I didn’t believe him. Dupree knows Amé’s family, and my father has always known everything and everyone in Murfee, but still, that was the extent of my bravery—one fucking question.
I wonder if Rudy Ray ever saw the ocean?
She believes he is coming back.
I never talk about my mom coming back, ever.
• • •
When Amé finally asked about the body at Indian Bluffs, she was really asking about
me
. Asking but not asking. Watching without watching—her eyes dark as spring wells, bottomless behind the smoke of another one of her ever-present cigarettes. I know from Miss Maisie that Deputy Chris Cherry sent the body to Austin, so I’ve been waiting along with him, just like everyone else.

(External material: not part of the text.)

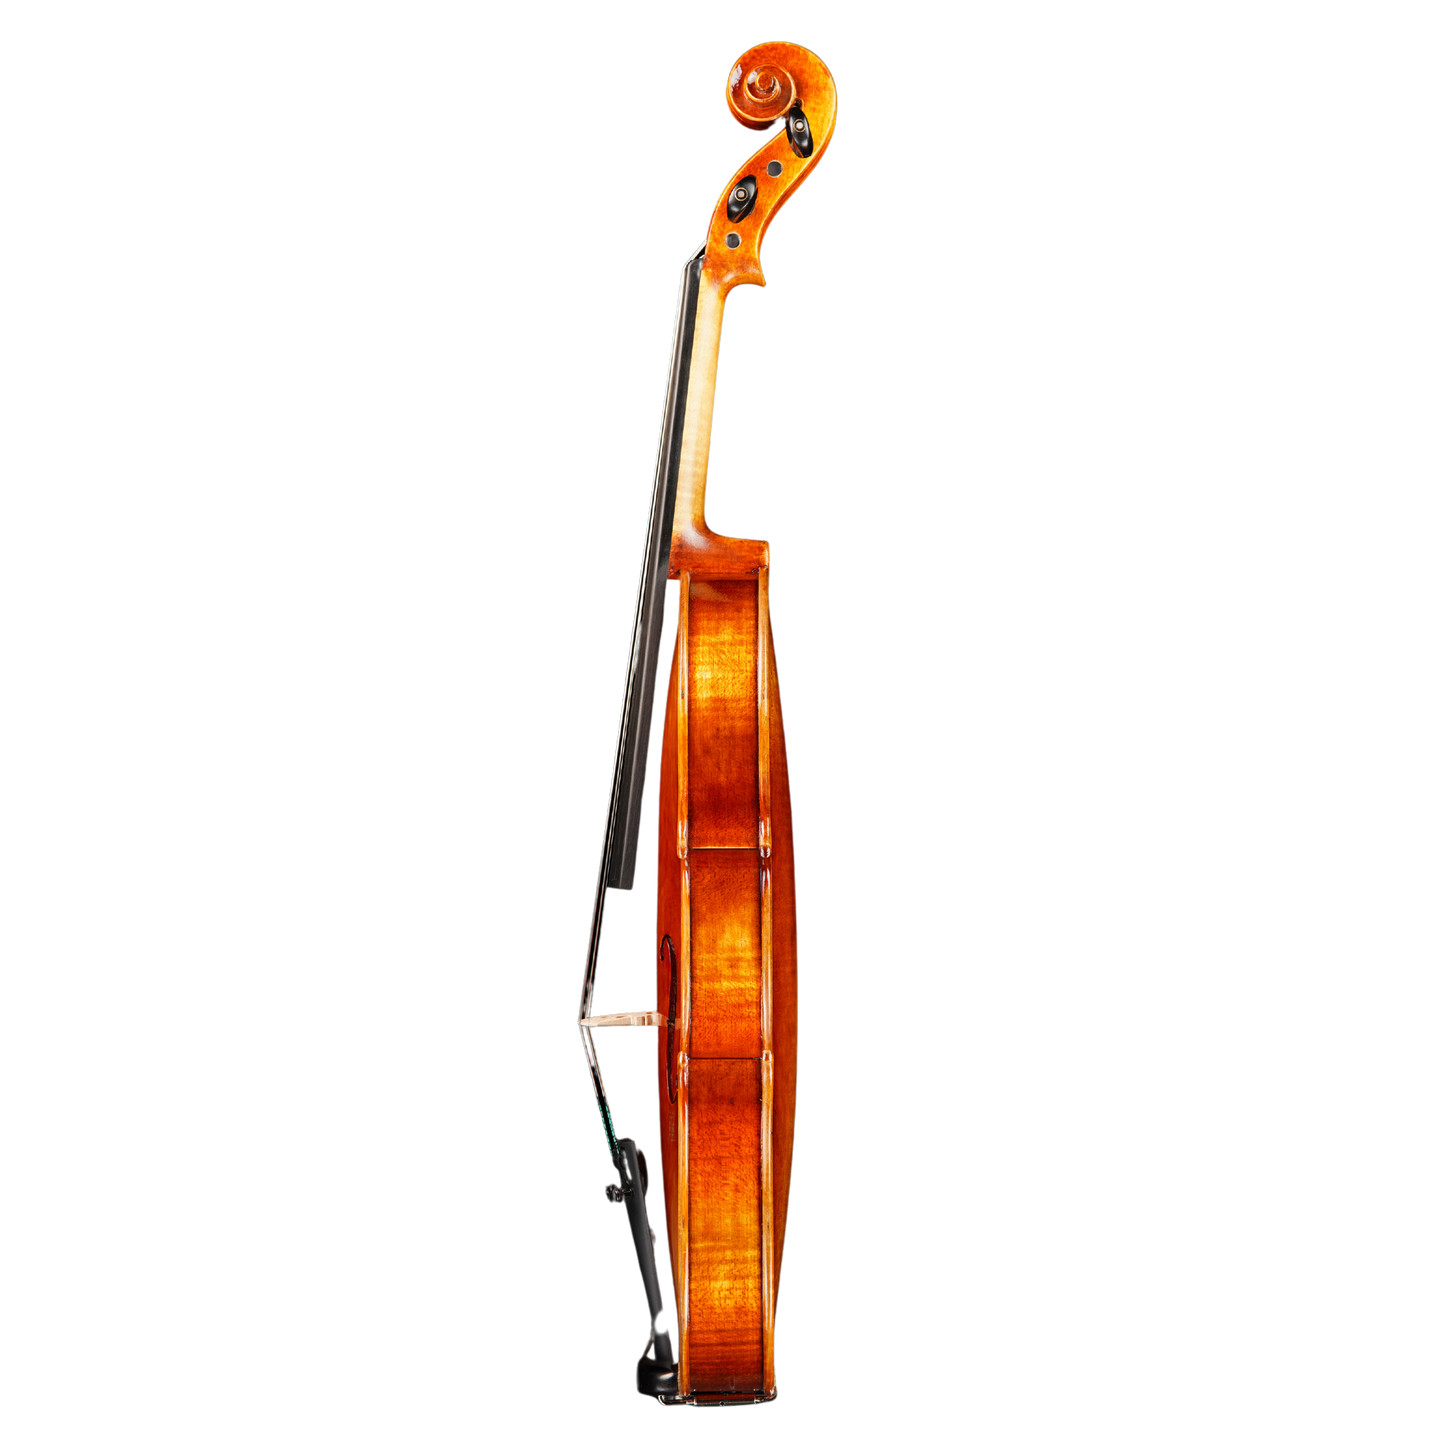 Vincenzo Bellini VB-102 Violin

Miss Maisie tells me stuff because she’s old and likes me and doesn’t know any better. She’s worked radio dispatch as long as I’ve been alive, and is the only reason I know a damn thing at all about what goes on inside the sheriff’s department, my own father’s kingdom. Miss Maisie, and the local newspaper.
The
Murfee Daily
’s done one story and will do another. That first featured a black-and-white photo of Matty Bulger standing over a slash in the ground and a loose piece of yellow evidence tape trapped beneath his boot, his hands raised and captured right at that moment in a “Why me?” gesture. It was accompanied by a photo of Deputy Cherry next to his Big Bend County truck, awkward and uncomfortable in his uniform, looking away at something or someone in the distance. I don’t think the picture was even taken out at Bulger’s place, probably staged later, like a lot of things in Murfee—they feel staged, close to real, but not quite. Deputy Cherry comes off as decent, different from the other deputies and definitely no Duane Dupree, but he hasn’t been back in Murfee for long and I don’t know how close he is to my father. I’ve been nervous to talk to him, much less ask him anything about Indian Bluffs.
But when Chris Cherry gets his answer back from Austin, all of Murfee will finally know what I’ve believed from the beginning—it was my mom he found buried out there.

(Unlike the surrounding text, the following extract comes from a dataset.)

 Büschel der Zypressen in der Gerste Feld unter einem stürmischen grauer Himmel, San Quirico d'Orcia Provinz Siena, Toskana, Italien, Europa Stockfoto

So that’s what I told Amé when she asked me about the body as I took the cigarette from her and finished it off. My mom has lain there for the past year, lost, waiting; waiting for someone . . .
for me
. . . to finally find her.
And Amé didn’t ask anything else, just went back to watching the wind pull and tug at streamers on the goalposts.
ANNE
B
ig Bend Central was losing badly. She came to the game because it was expected, and honestly, she didn’t mind getting out of the little house for a bit. Win or lose, this game and the carnival afterward were a big deal.

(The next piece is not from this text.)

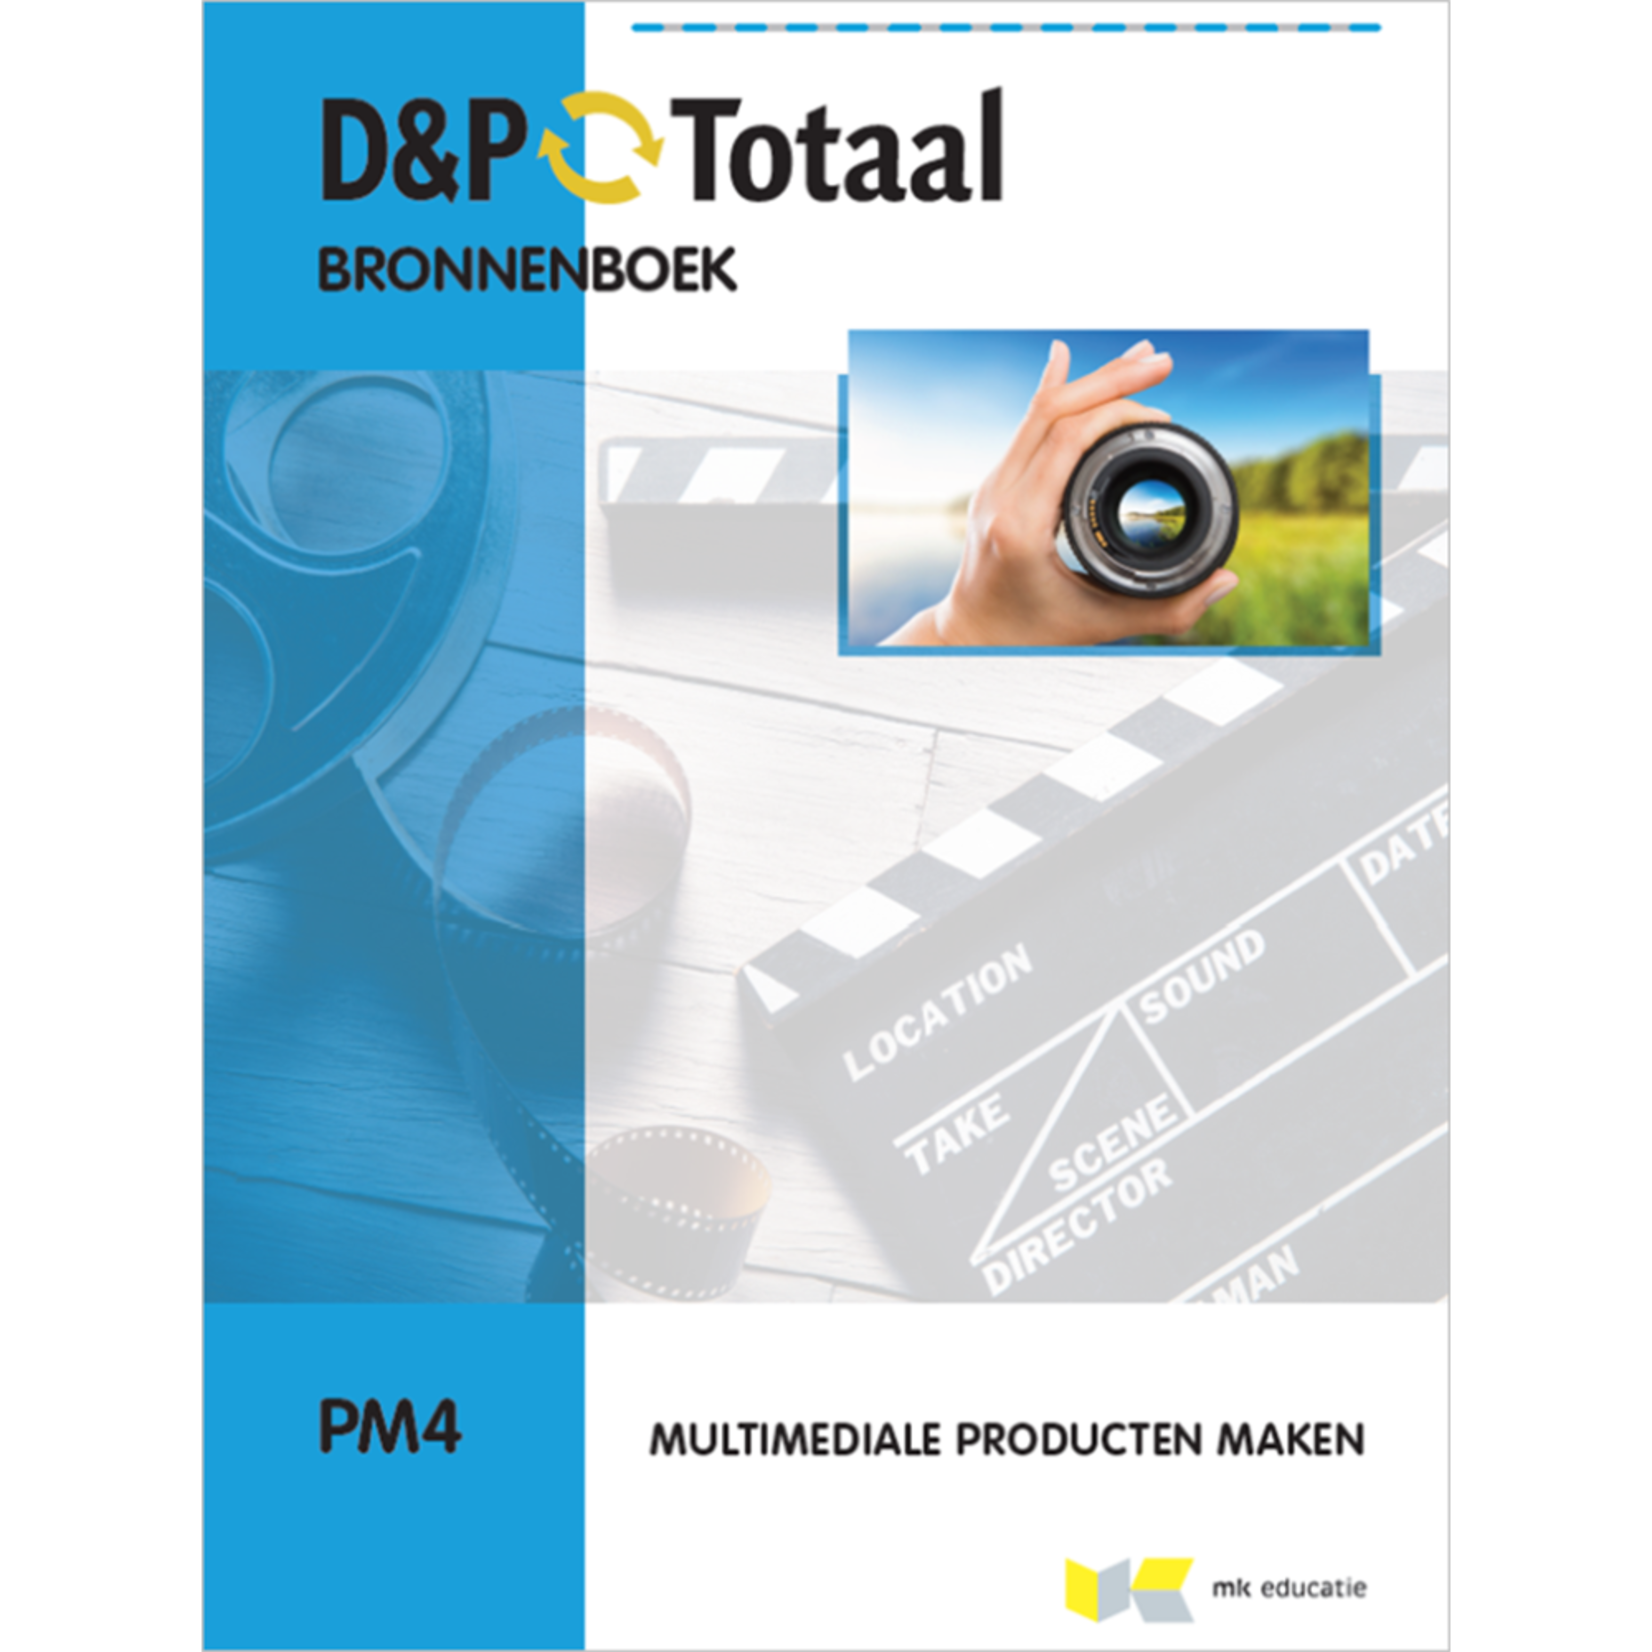 D&P-Totaal Bronnenboek - PM4 Multimediale producten maken

She’d seen all the stuff set up in the field outside the stadium, the games and the vendors and the rides. Most of her students would be at the homecoming dance after the game tonight, but tomorrow they’d be out on the midway, trying to win those huge garish stuffed animals—purple bears and pink dogs and green monkeys—sneaking in flasks to spike the silly-shaped soda cups they were selling for five dollars a pop.
As for the game itself, Anne knew how serious Texas was about its football, and Murfee was no exception. The stadium seated over eight thousand—a huge concrete bowl open at both ends to knots of sweet acacia trees. It had a full press box and reserved seating and the
latest artificial turf and a scoreboard with video replay. What it did not have, not at the moment, was a winning team. BBC was down early just as they’d been in nearly every game of the season. But the stands were full, and under the huge lights, with everything polished and painted and perfect, the entire stadium
glowed
. She could only imagine what this all looked like from high above, the surrounding darkness of the desert anchored by all this heavy light—a great bonfire, burning and bright, trying to escape skyward.
Marc would have loved this crazy stadium in the middle of nowhere, the circus atmosphere. Electricity—excitement—ran through the bleachers, through the entire town, even as Presidio scored another touchdown and BBC’s coach screamed on the sidelines and tossed what Anne imagined must be a very expensive headset into the stands.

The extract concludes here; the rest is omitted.